Entertainment Isn’t Just Entertainment
I’m not suggesting every movie has a hidden agenda.
Or that every television show is trying to manipulate you.
Sometimes entertainment is simply entertainment.
But stories have always shaped human beings.
Long before television or social media existed, stories influenced how people understood courage, love, sacrifice, community, and purpose.
The stories we consume still matter.
They influence what we admire.
What we fear.
What we expect.
And sometimes, what we believe is possible.
Ask Better Questions
Instead of asking,
“Was this entertaining?”
I’ve started asking questions like:
How did this make me feel?
What ideas did it reinforce?
Did it leave me more hopeful or more fearful?
Would I become a better person if I consumed this every day?
Those questions have changed the way I choose what deserves my attention.
Protect Your Attention
Your attention is limited.
Every hour you spend consuming something is an hour you’re allowing it to shape your thinking in some way.
That doesn’t mean you can never relax.
It doesn’t mean every piece of content has to be educational.
It simply means being intentional.
If you feed your mind intentionally, you’ll often think more intentionally.
Choose What You Feed Your Mind
Just as your body is built from the food you eat, your thinking is influenced by the ideas you consume.
Read books that challenge you.
Listen to conversations that make you think.
Spend time with people who bring out your best.
Step outside.
Be present.
Leave room for silence.
Some of the most important insights I’ve ever had didn’t come while I was scrolling.
They came after I stopped.
My Perspective
I don’t believe we’re powerless.
I don’t believe we’re simply products of our environment.
I do believe our environment influences us more than most of us realize.
The encouraging part is this:
We have a choice.
Every day we decide what deserves our attention.
And over time, those choices begin shaping the person we’re becoming.
That’s one reason I created Who Programmed You?
Not because I think someone else controls your life.

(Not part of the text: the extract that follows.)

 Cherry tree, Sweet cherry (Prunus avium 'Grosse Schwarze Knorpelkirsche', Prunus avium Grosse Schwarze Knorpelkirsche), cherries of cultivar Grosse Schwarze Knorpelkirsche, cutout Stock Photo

But because I believe every one of us benefits from occasionally asking:
Who—or what—is shaping the way I think?
When you begin asking that question honestly, something interesting happens.

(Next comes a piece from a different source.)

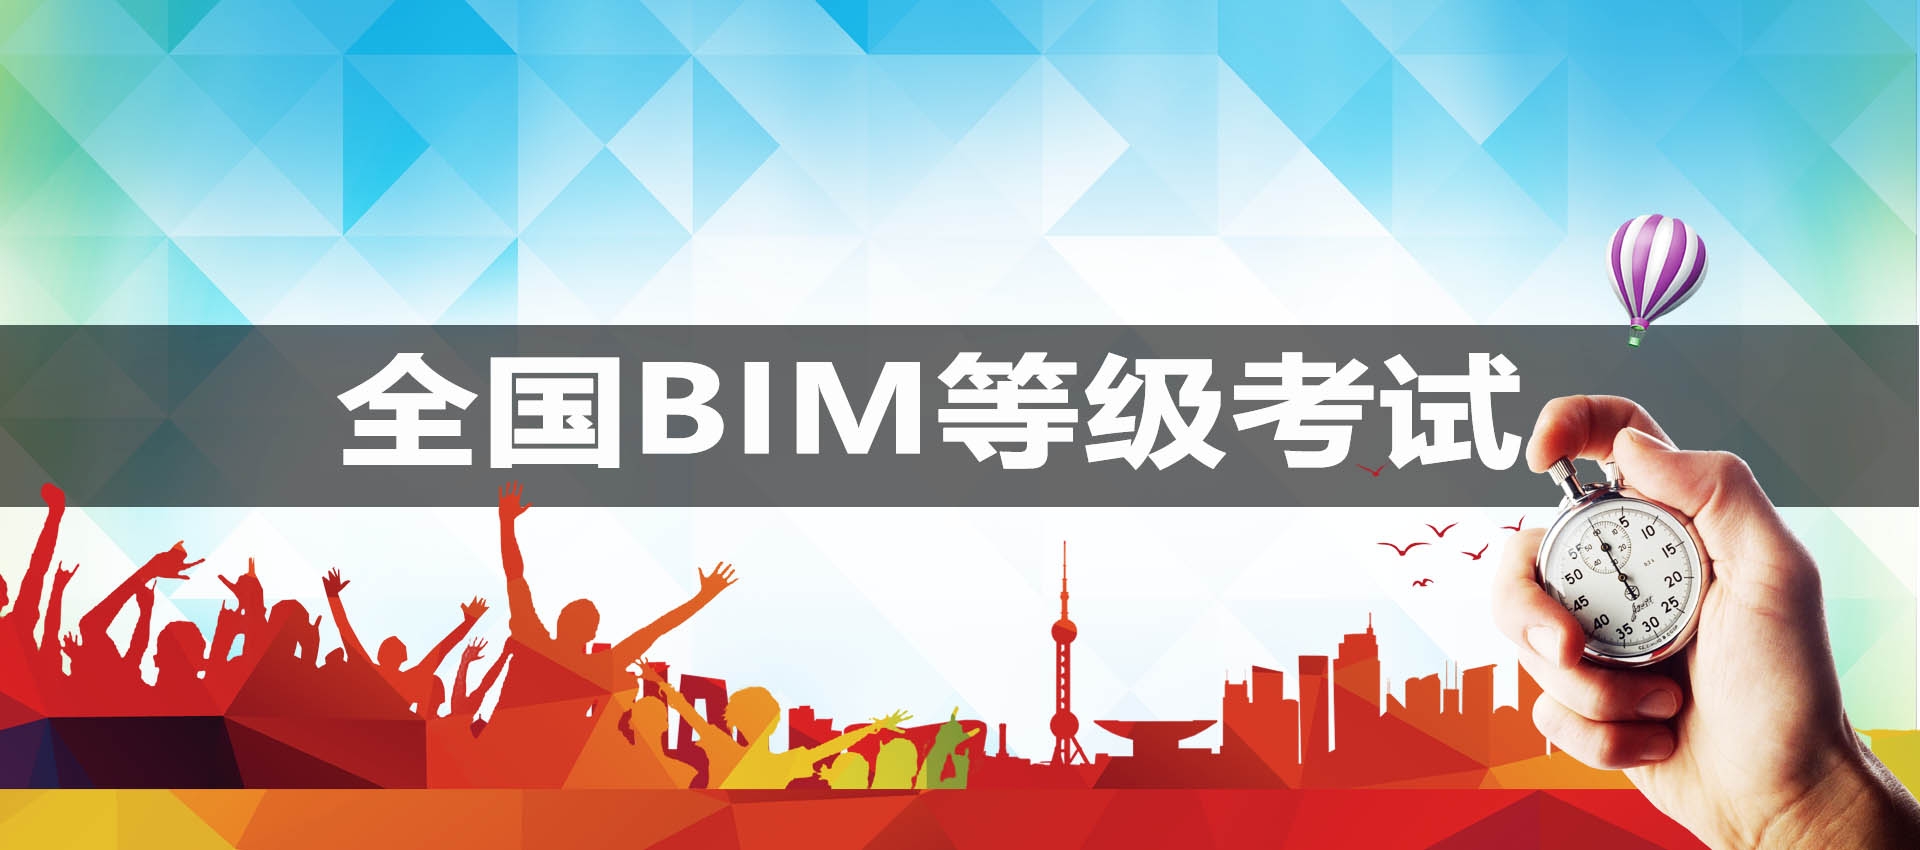 大慶中國圖學學會全國BIM技能等級考試

You stop consuming everything automatically.
You start choosing more intentionally.
And that may be one of the most important shifts you ever make.
Final Thoughts
The world has never competed harder for your attention than it does today.
Every app.
Every notification.
Every advertisement.
Every video.
Every headline.
Someone is asking for a few more seconds of your mind.
Choose wisely.
Because what you watch today has the potential to influence how you think tomorrow.
And how you think tomorrow helps shape the person you become.

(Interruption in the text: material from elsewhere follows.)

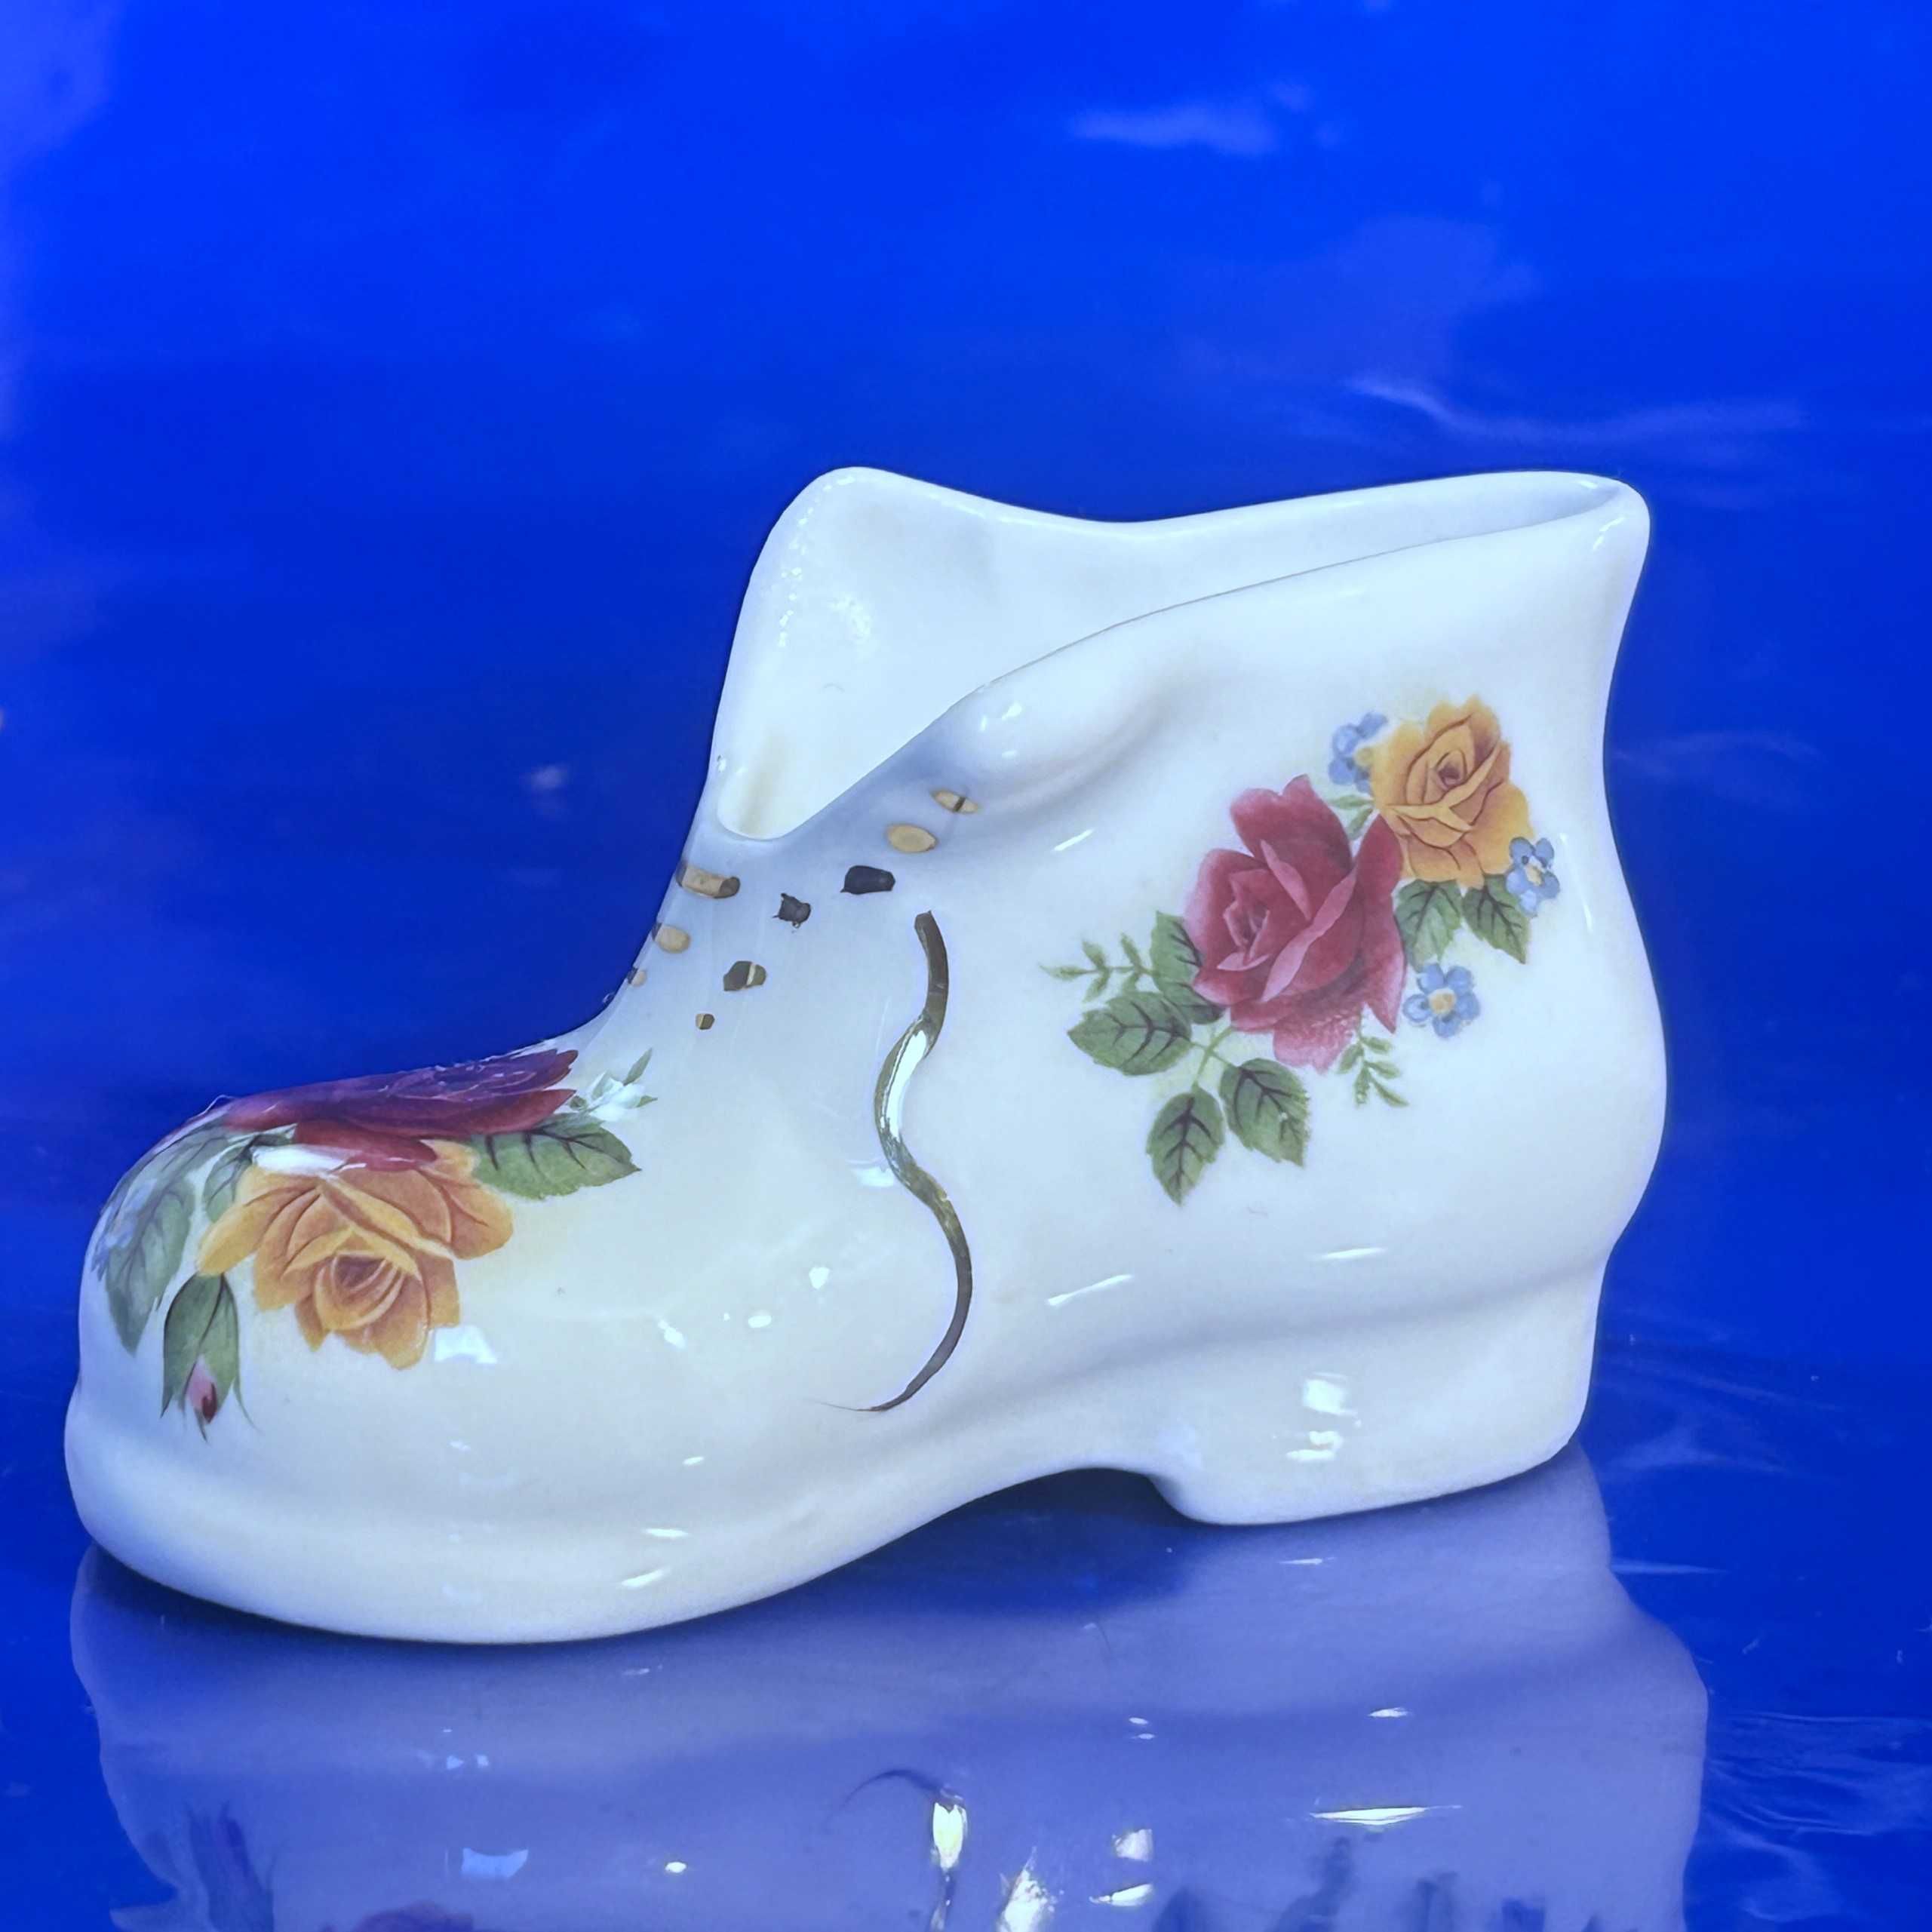 Bucik z wzorem kwiatowym. Porcelana kostna, marki Peter Gosling

That’s why I don’t just ask myself what’s worth watching.
I ask myself what’s worth becoming.
The answer to that question has changed far more than my screen time.
It’s changed my life.
Frequently Asked Questions
Can what I watch really influence how I think?
Whether we realize it or not, what we repeatedly watch, listen to, and consume becomes part of the environment our minds are constantly learning from. Not every impression changes us, but repeated patterns often do. The ideas we hear over and over begin to feel familiar, and what feels familiar often starts to feel normal.
Is all entertainment secretly trying to manipulate me?
I'm not suggesting every movie has a hidden agenda or that every show is trying to manipulate you. Sometimes entertainment is simply entertainment. But stories have always shaped human beings, influencing what we admire, what we fear, what we expect, and sometimes what we believe is possible.
How can I be more intentional about what I watch?
Instead of only asking whether something was entertaining, I've started asking how it made me feel, what ideas it reinforced, and whether it left me more hopeful or more fearful. I also ask whether I'd become a better person if I consumed it every day. Those questions changed the way I choose what deserves my attention.